Carlos was a 23-year-old single delivery driver with no previous psychiatric history, who had the terrible misfortune of losing in the same week his job of 6 months and his girlfriend of 4 months. He quickly had become deeply invested in the relationship and was devastated by her lack of reciprocity and decision to end it. Waiting outside his ex-girlfriend’s apartment building, he made a violent and serious suicide attempt by jumping off the roof of an adjacent building within visibility of her window, timing the event so that she would likely be at home when it occurred. He survived with multiple injuries. When evaluated by the psychiatry consultation–liaison (C–L) team he said that he had never before spoken with a psychiatrist or other mental health professional, and had never in his life experienced symptoms of a major mood disorder, psychotic disorder, or substance use disorder. He related that he felt he could no longer cope with the adversities he was facing and viewed suicide as his only solution. When asked if he still wanted to kill himself, he only said that he could not picture life without his girlfriend. When asked how angry he was at his ex-girlfriend, and whether his attempt to kill himself in front of her might have been misdirected rage meant for her rather than himself, he denied feeling angry. The C–L team placed Carlos on a 1:1 watch yet struggled to find a pharmacologically responsive DSM-5 diagnosis whose criteria Carlos fulfilled other than an adjustment disorder with mixed disturbance of emotions and conduct. No pharmacology was recommended although Carlos was viewed as having a risk for impulsive aggression when feeling interpersonally overwhelmed. The team anticipated his stresses would only worsen as he faced a protracted physical recovery. A dialectal behavior therapy (DBT) intensive outpatient program was ultimately recommended to improve Carlos’ range of coping skills and distress tolerance. The hospital administrator was troubled by the team’s decision not to recommend any psychopharmacology, asking, “How could there be nothing to medicate after a serious suicide attempt?”
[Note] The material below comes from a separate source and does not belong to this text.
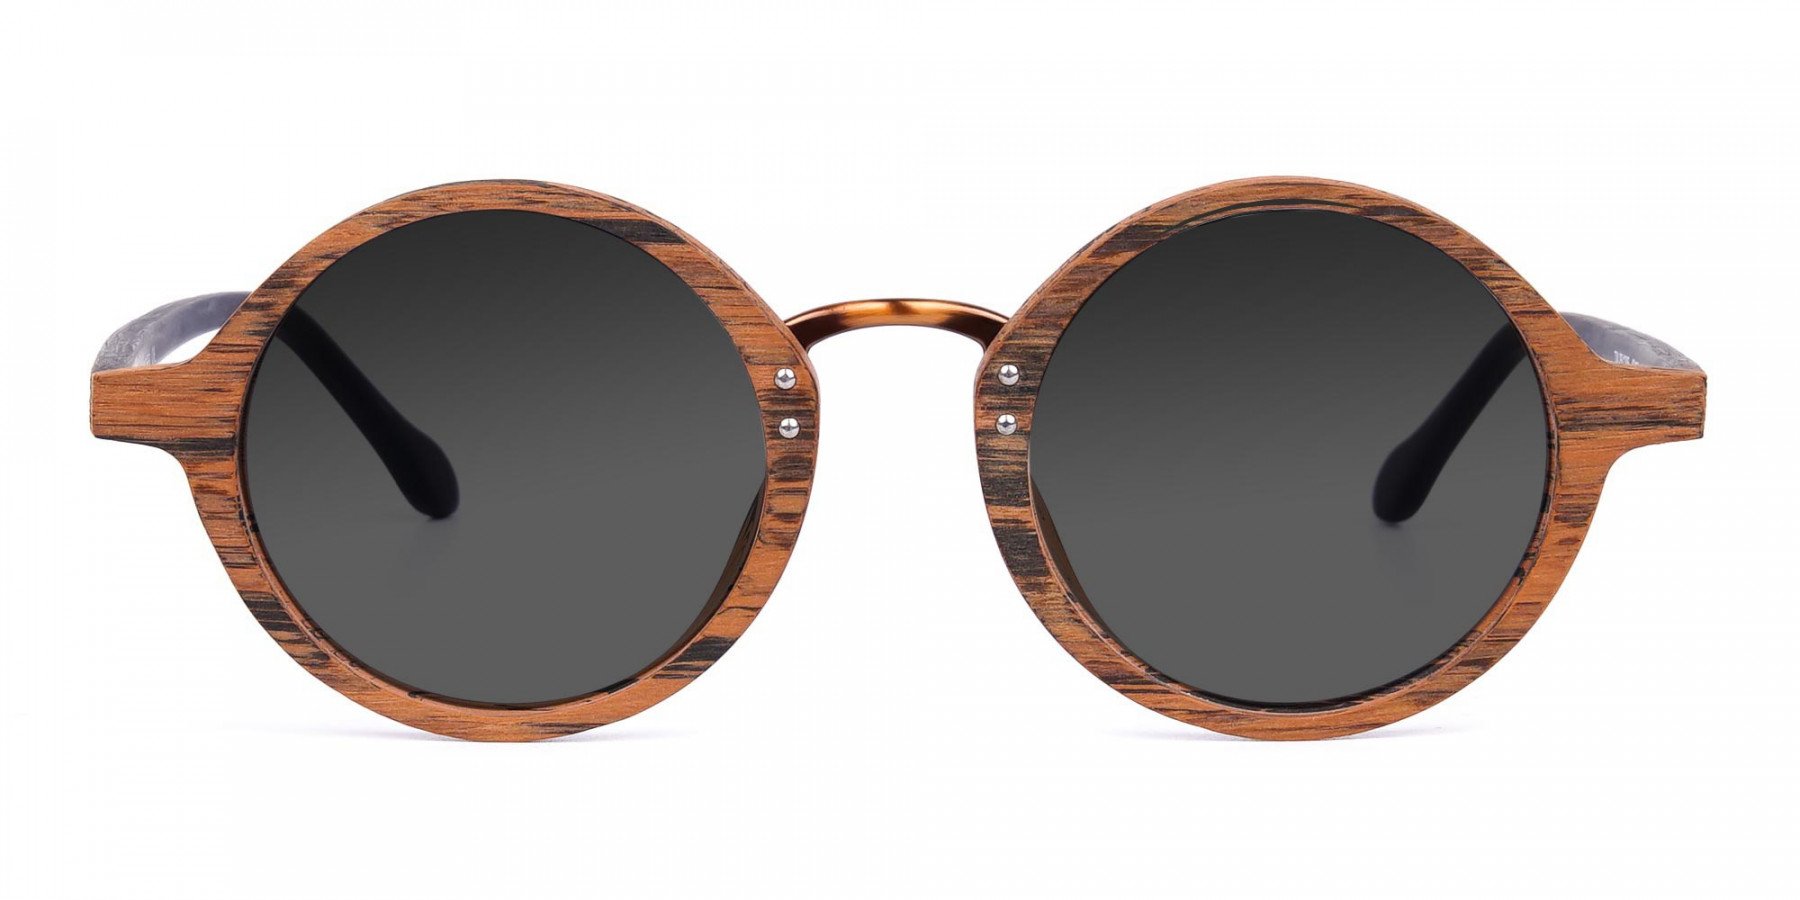 Round-Brown-Wood-Sunglasses-With-Grey-Tint-3
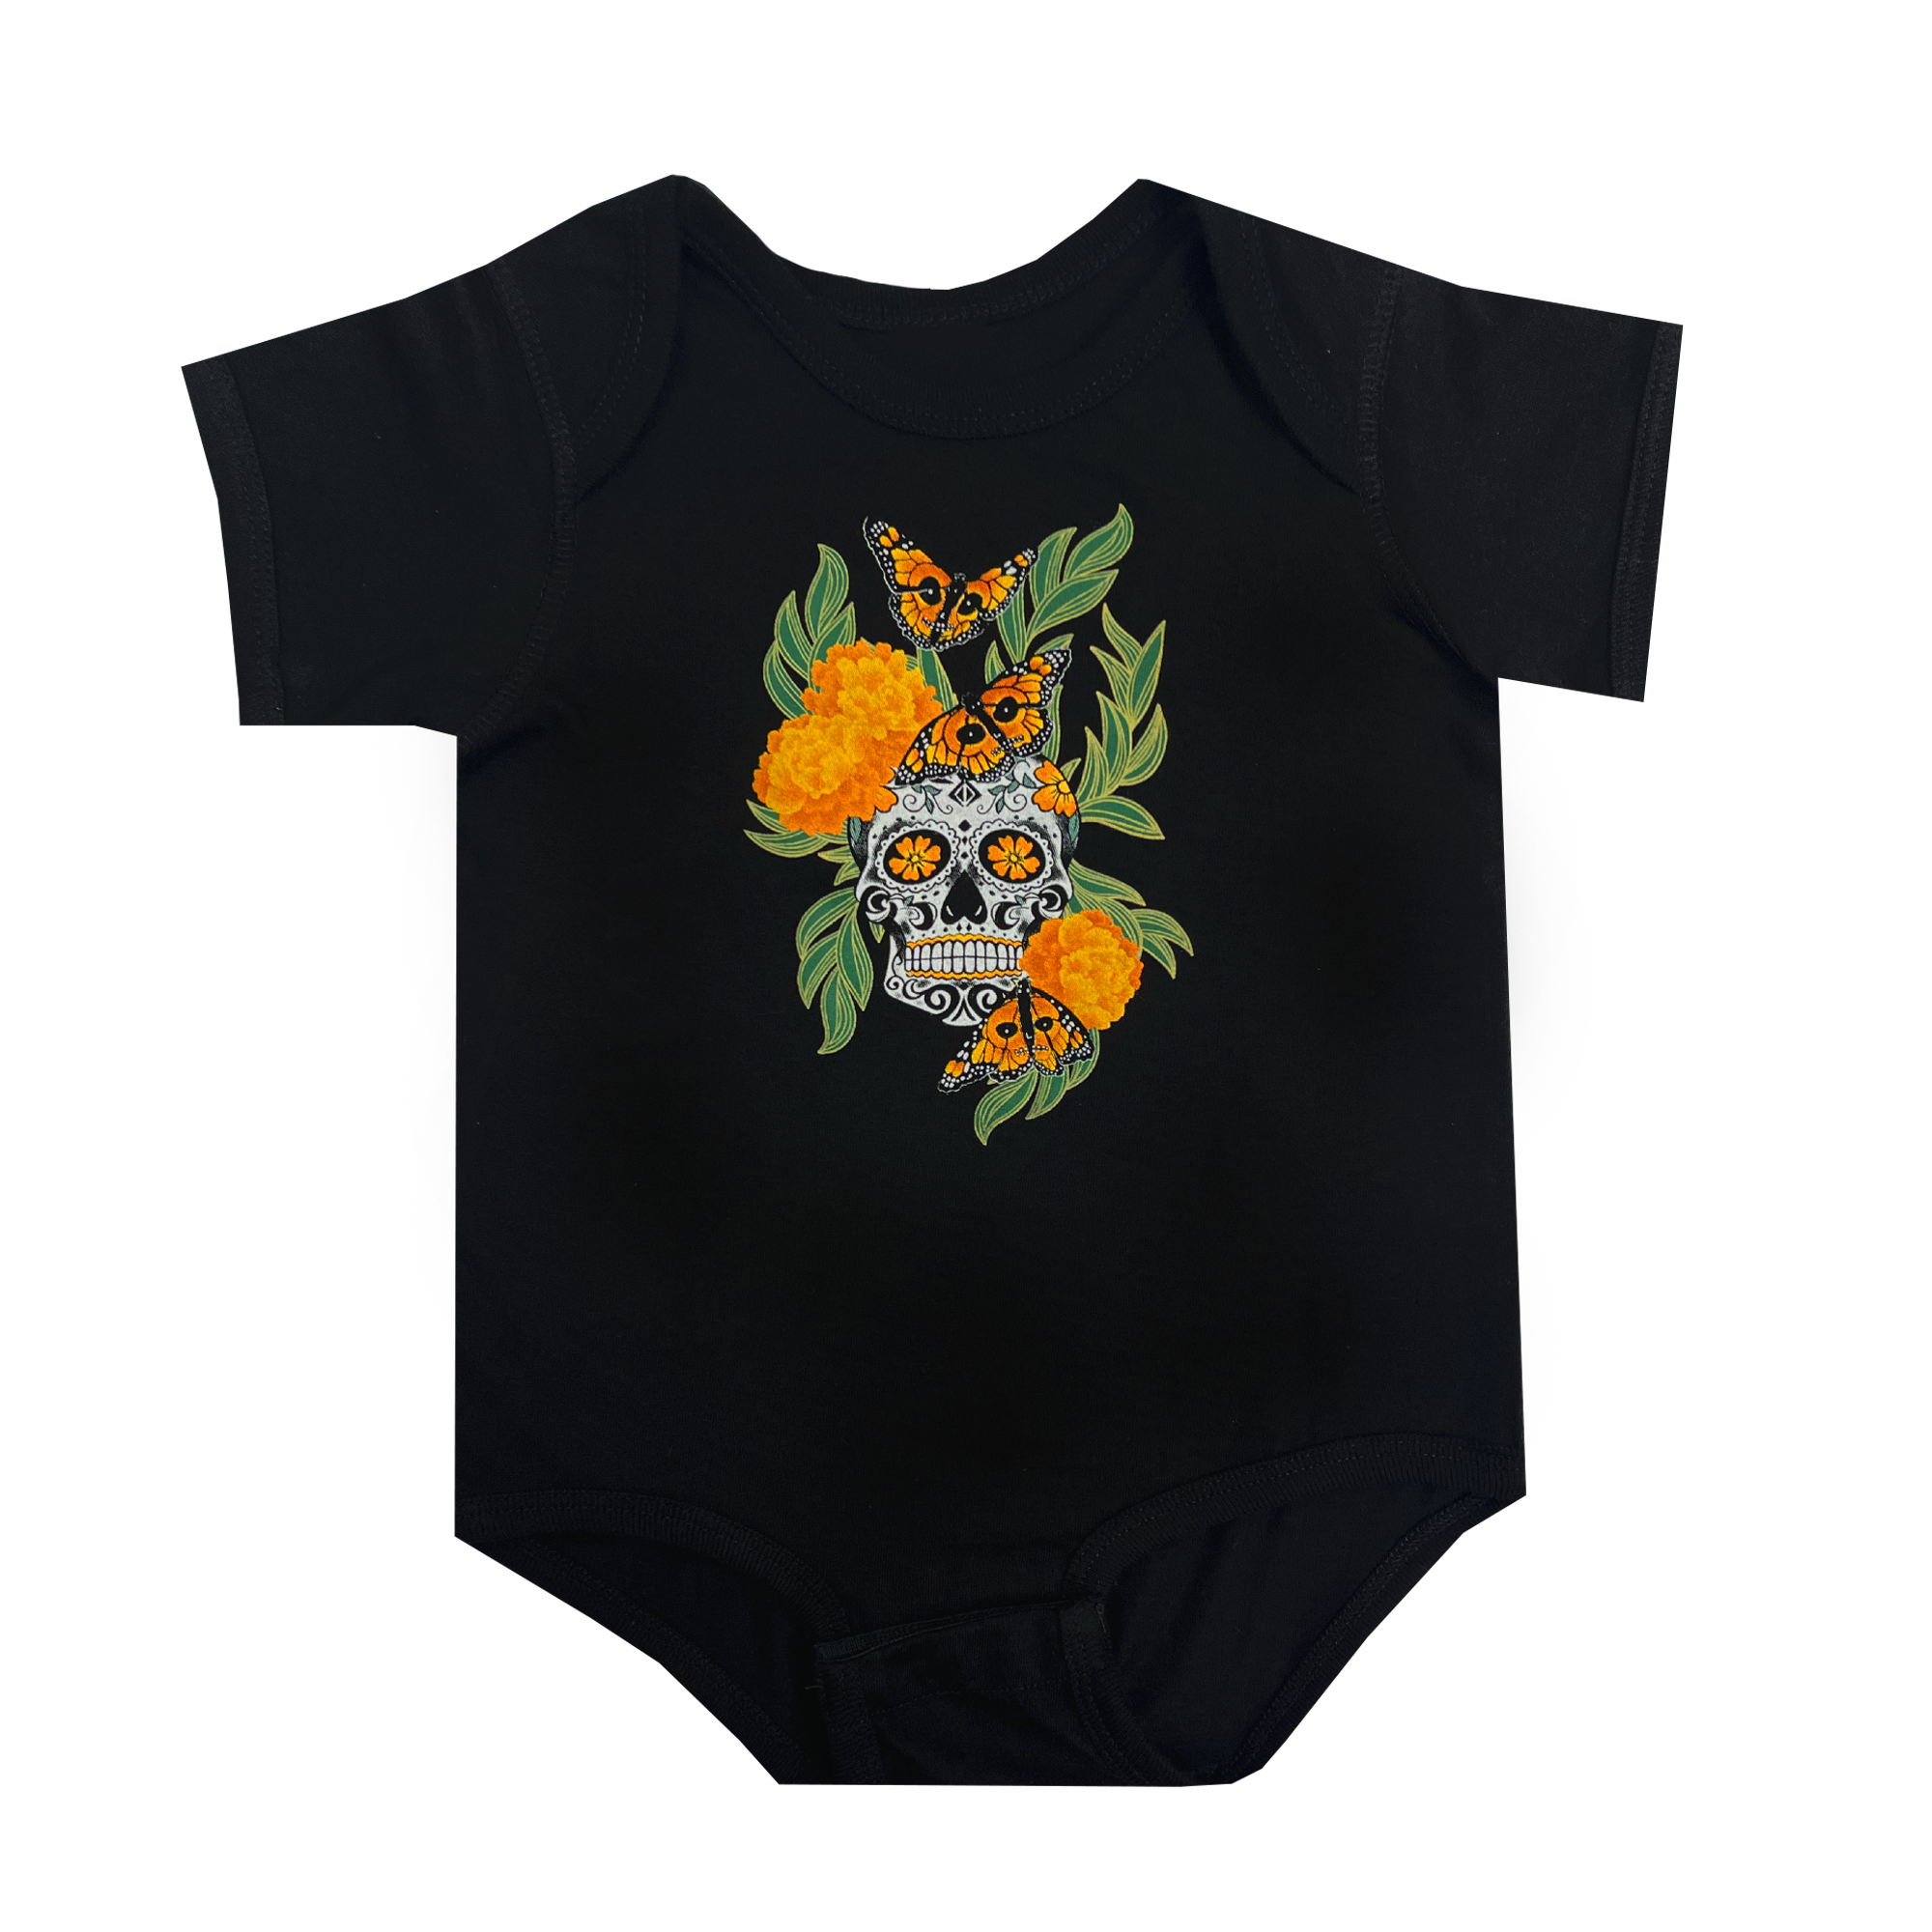  Baby one-piece in black with graphic art by Oakland artist Jet Martinez depicting a sugar skull surrounded by Marigolds and Monarch butterflies.

Let us hope Carlos follows through with the C–L team’s recommendation; it is not simply a “dispo plan” but more importantly probably the best opportunity for fleshing out missing details. What more lies beneath the surface of Carlos’s narrative than we now know? Probably a lot. He could certainly be clinically depressed and, if that is the case, time will help reveal that. He could have an impulse control disorder, although the lack of known previous events makes it hard to draw a pattern, and we are looking for patterns. Collateral history about Carlos would be nice to have. Is he psychotic, and well-compensated (or guarded) enough not to tip his hand on that for the C–L team to appreciate? His attachment style is far from secure. Is he disorganized or preoccupied? Does loss represent to him an unrecoverable catastrophic event, placing him at risk for more of the same depending on what emotional threats await him tomorrow? And is DBT the right psychotherapy modality just for now, or for the long-term? An important point around clinical decision-making will be the extent to which other clinicians find themselves preoccupied with a desire to see Carlos taking some medication, at the expense of trying to better elucidate his risk for self-harm and the nature of his distress.
K Information Flow
Once we have one or more working diagnostic impressions, we tend to structure the flow of an interview to corroborate (or refute) our developing hypotheses. In suspected depression, we often ask about hopelessness as a precursor to questions about suicide, and we ask about suicidal thoughts before asking about actions because thought precedes action. Questions about a patient’s outlook lead to more direct inquiries about negativism and hopelessness, in turn leading to more questions about magnitude of hopelessness and fixed nihilism. In psychosis, we express neutral curiosity about the basis for someone’s expressed beliefs – what makes someone so sure about an idea or perception, or is their belief-conviction not so fixed?
Some symptoms within a syndromal constellation also carry more weight than others. If one were assessing depression, suicidal features would have more centrality and gravitas than, say, poor concentration or initial insomnia. Anhedonia, as noted above in Section G, is another cardinal symptom that likely reflects diminished functioning of the ventral striatum and reward pathway.
L Those Who Do Not Learn from the Pharmacological Past Are Doomed to Repeat It
A branch of statistics known as Bayesian analytics teaches that subsequent decisions are influenced by prior experiences. Unlike flipping a coin – where the umpteenth toss has the same 50–50 chance for calling “heads” as does the first or second toss – past therapeutic undertakings convey information about the probability of future treatment outcomes. The nature and results of past treatments can inform present and future refinements of a given clinical impression. Table 1.4 summarizes a number of pertinent historical features related to previous treatments that, more often than not, provide useful information about a current working diagnosis and evolving treatment plan.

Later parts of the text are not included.